§ DATASET EXCERPT
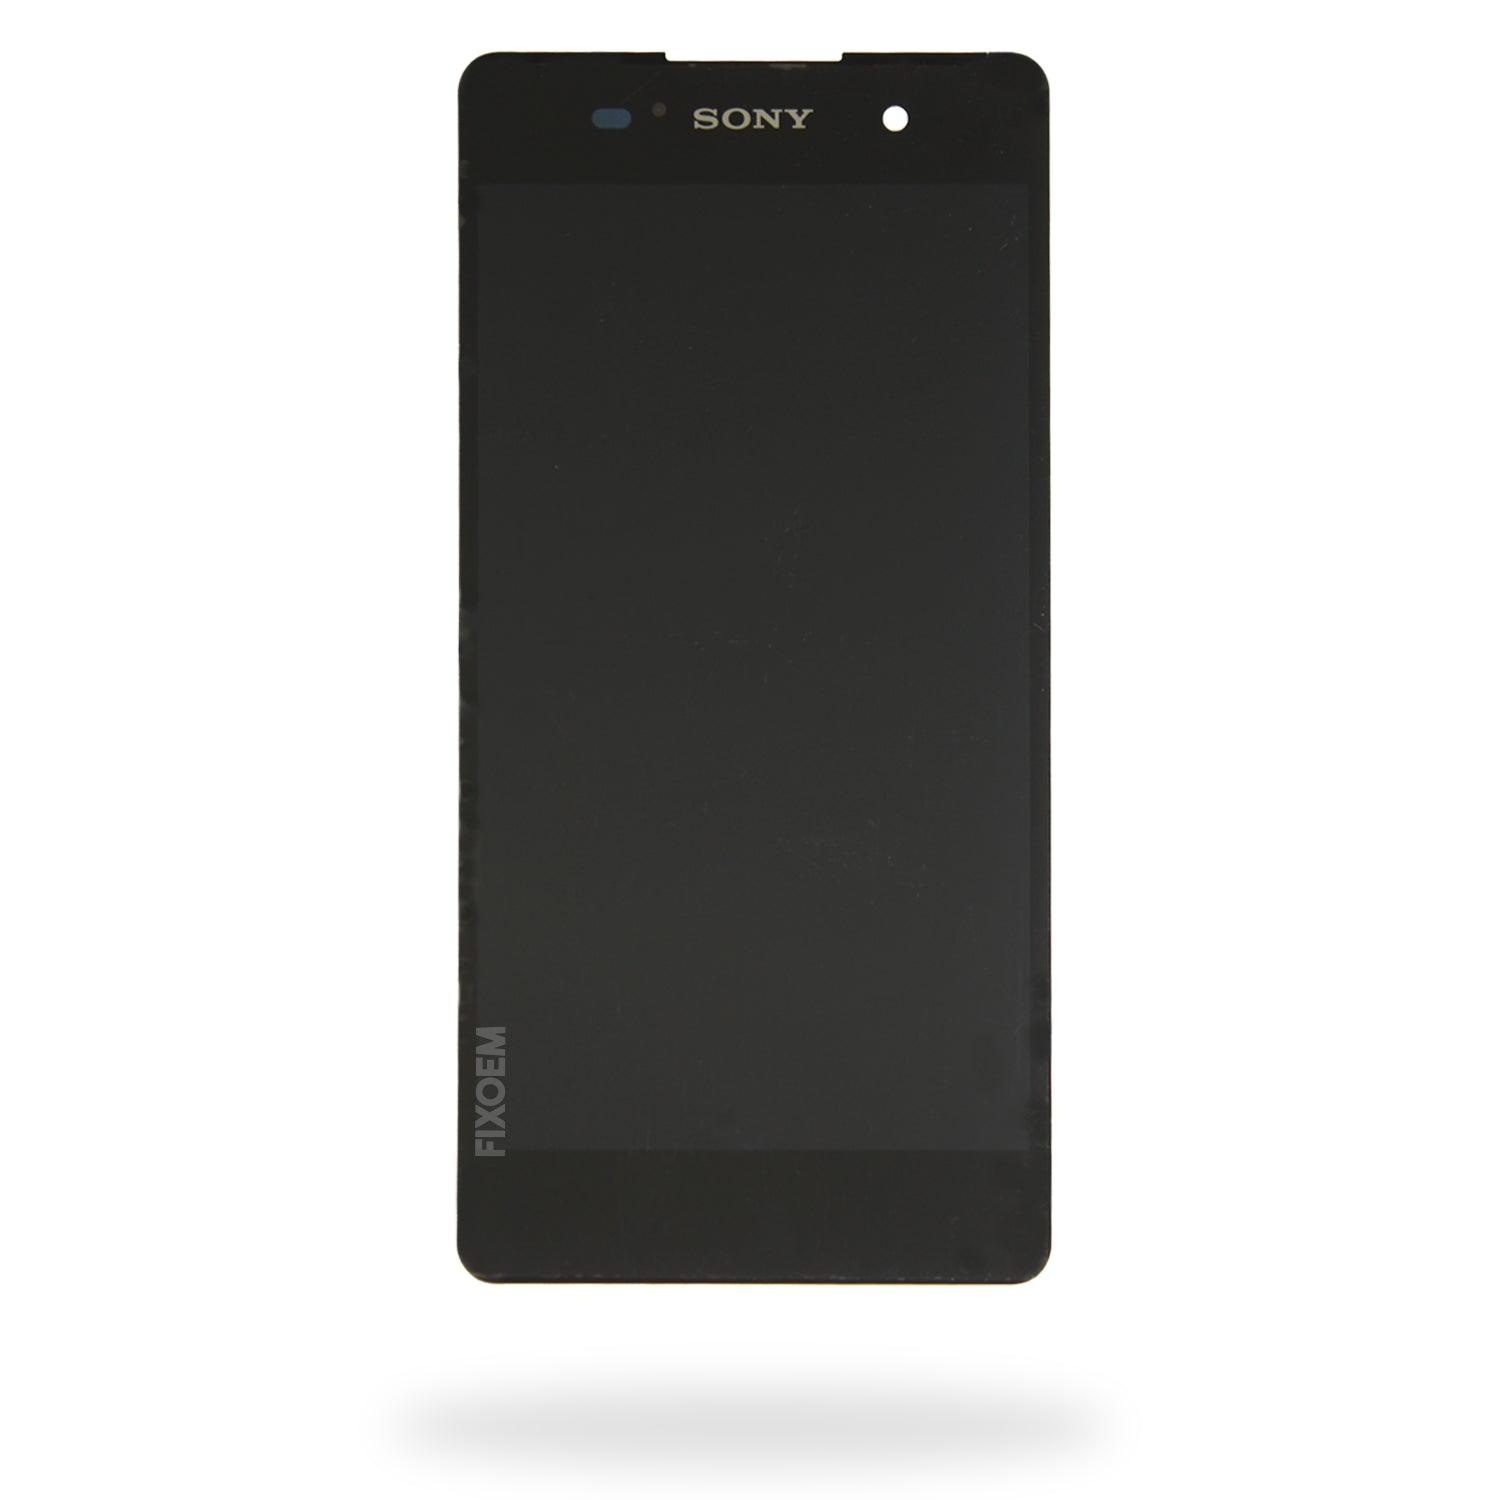 Display Sony E5 IPS F3311 a solo $ 225.00 Refaccion y puestos celulares, refurbish y microelectronica.- FixOEM
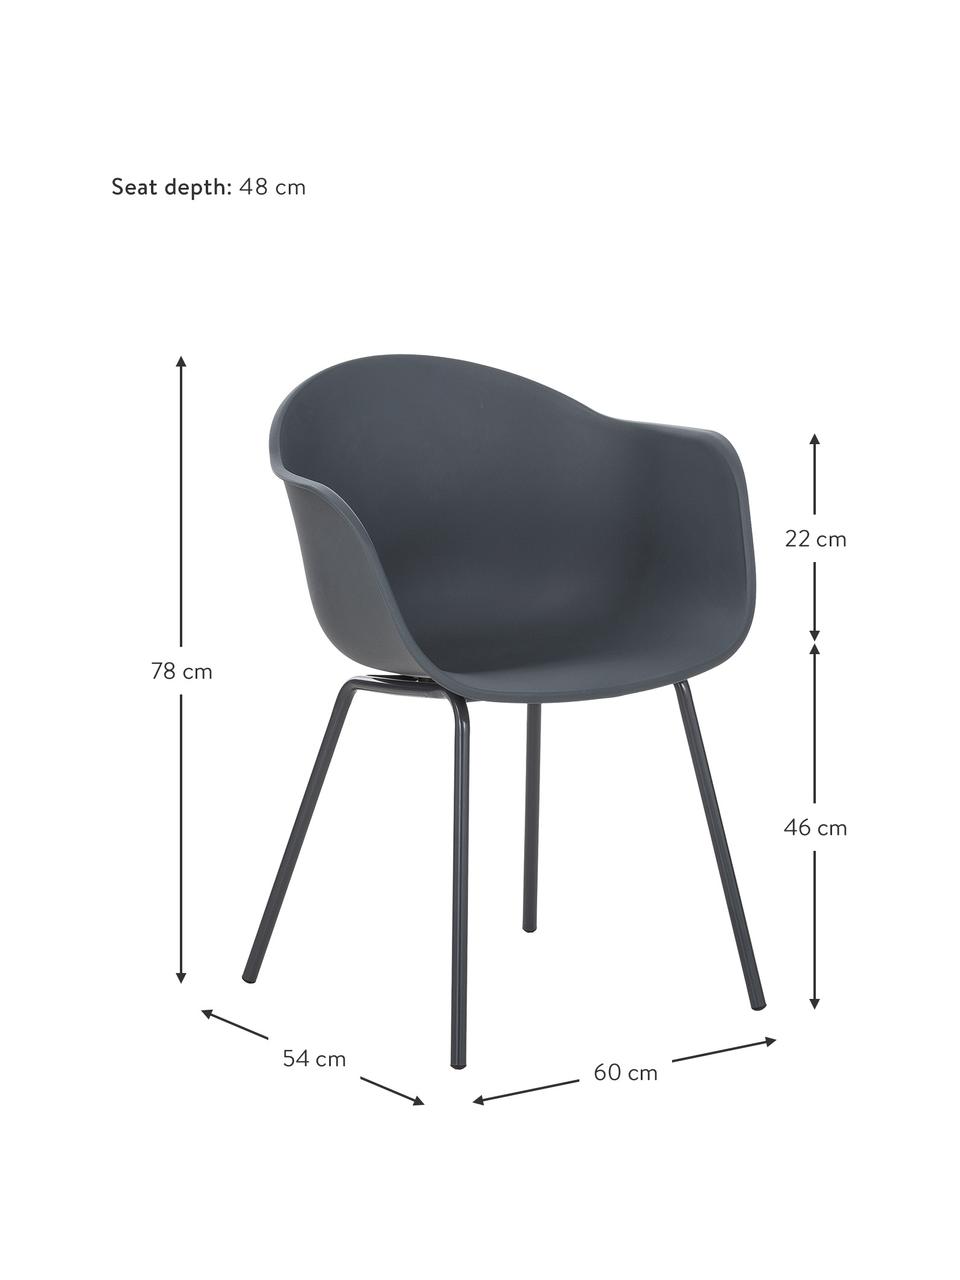 Kunststoff-Armlehnstuhl Claire mit Metallbeinen, Sitzschale: Kunststoff, Beine: Metall, pulverbeschichtet, Grau, B 60 x T 54 cm
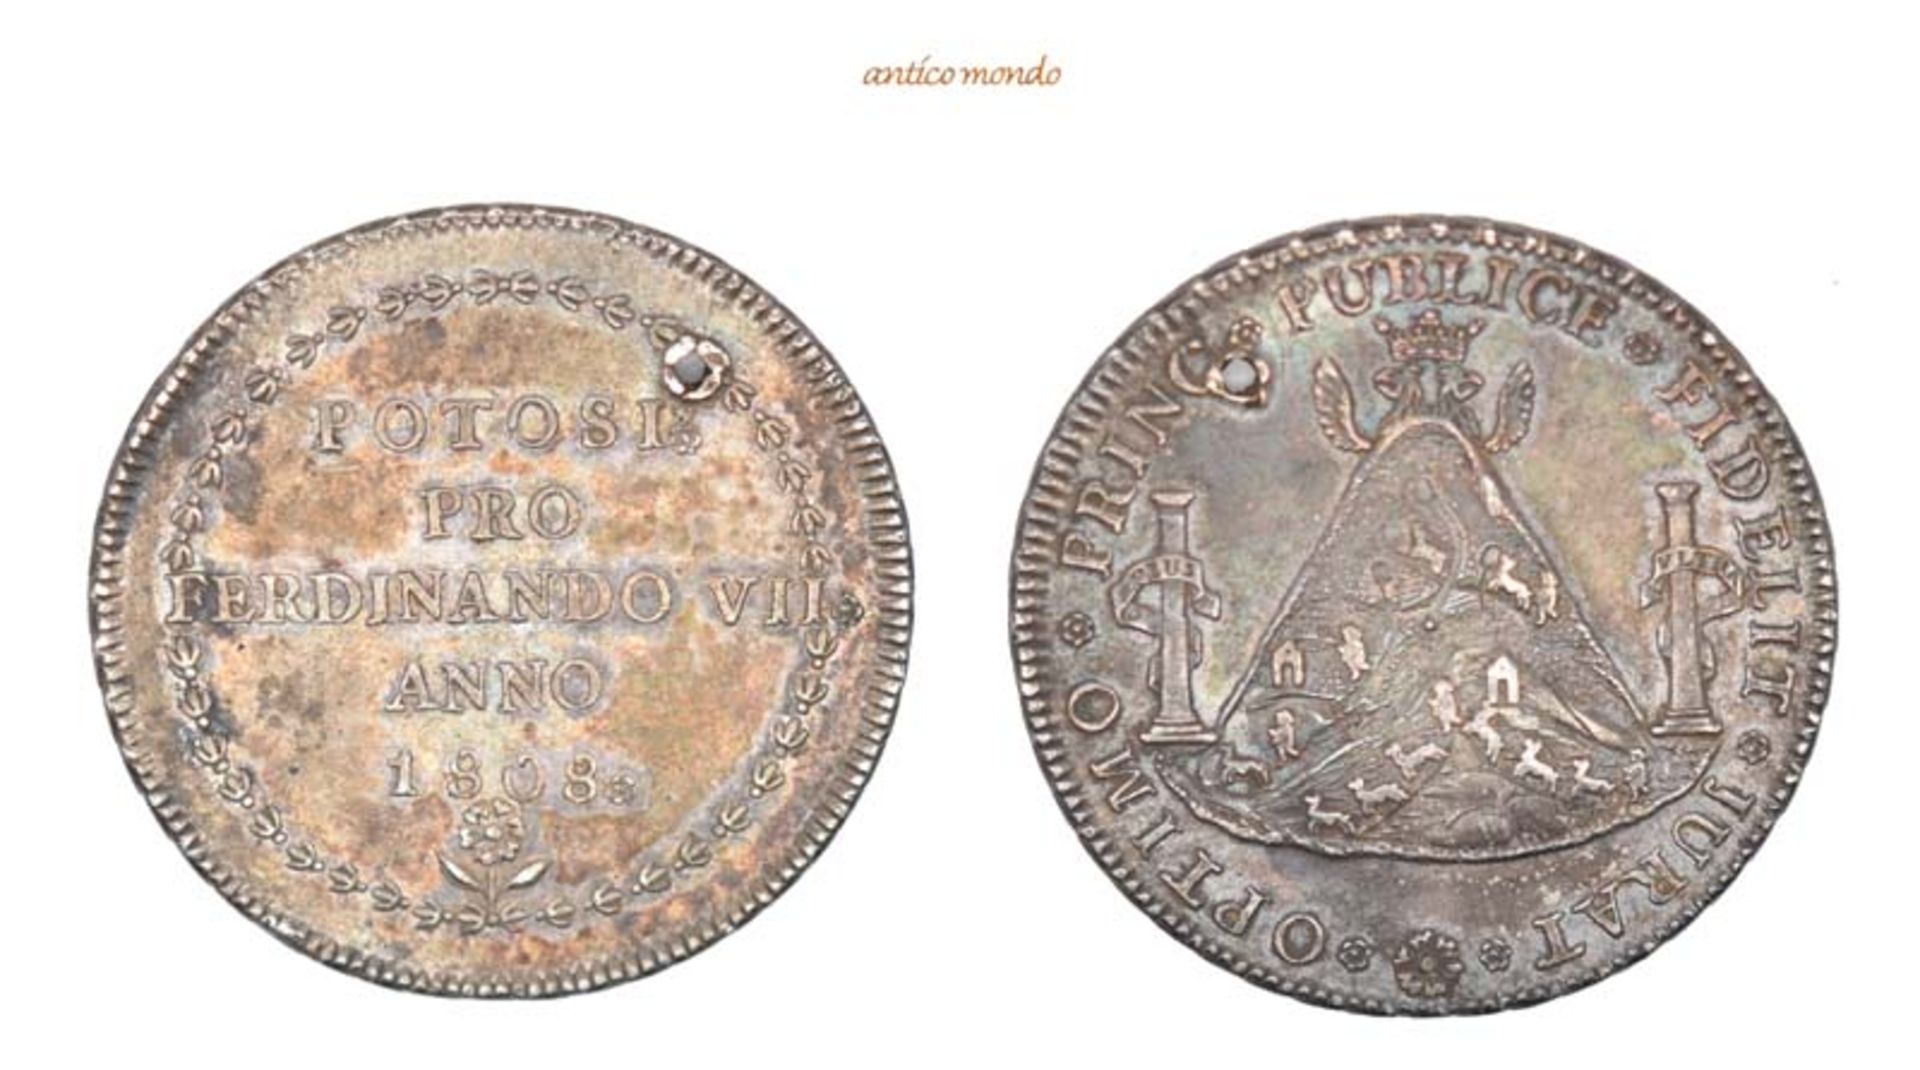 Bolivien, Ferdinand VII., 1808-1824, 8 Reales, 1808, gelocht, sehr schön-vorzüglich, 27,07 g- - -

§ ASSIGNMENT
Only the lines from the one containing "Kunststoff-Armlehnstuhl Claire mit" through the end of the listing above should be reproduced, exactly as they stand. Leave the pictures out.

§ ANSWER
 Kunststoff-Armlehnstuhl Claire mit Metallbeinen, Sitzschale: Kunststoff, Beine: Metall, pulverbeschichtet, Grau, B 60 x T 54 cm
 Bolivien, Ferdinand VII., 1808-1824, 8 Reales, 1808, gelocht, sehr schön-vorzüglich, 27,07 g- - -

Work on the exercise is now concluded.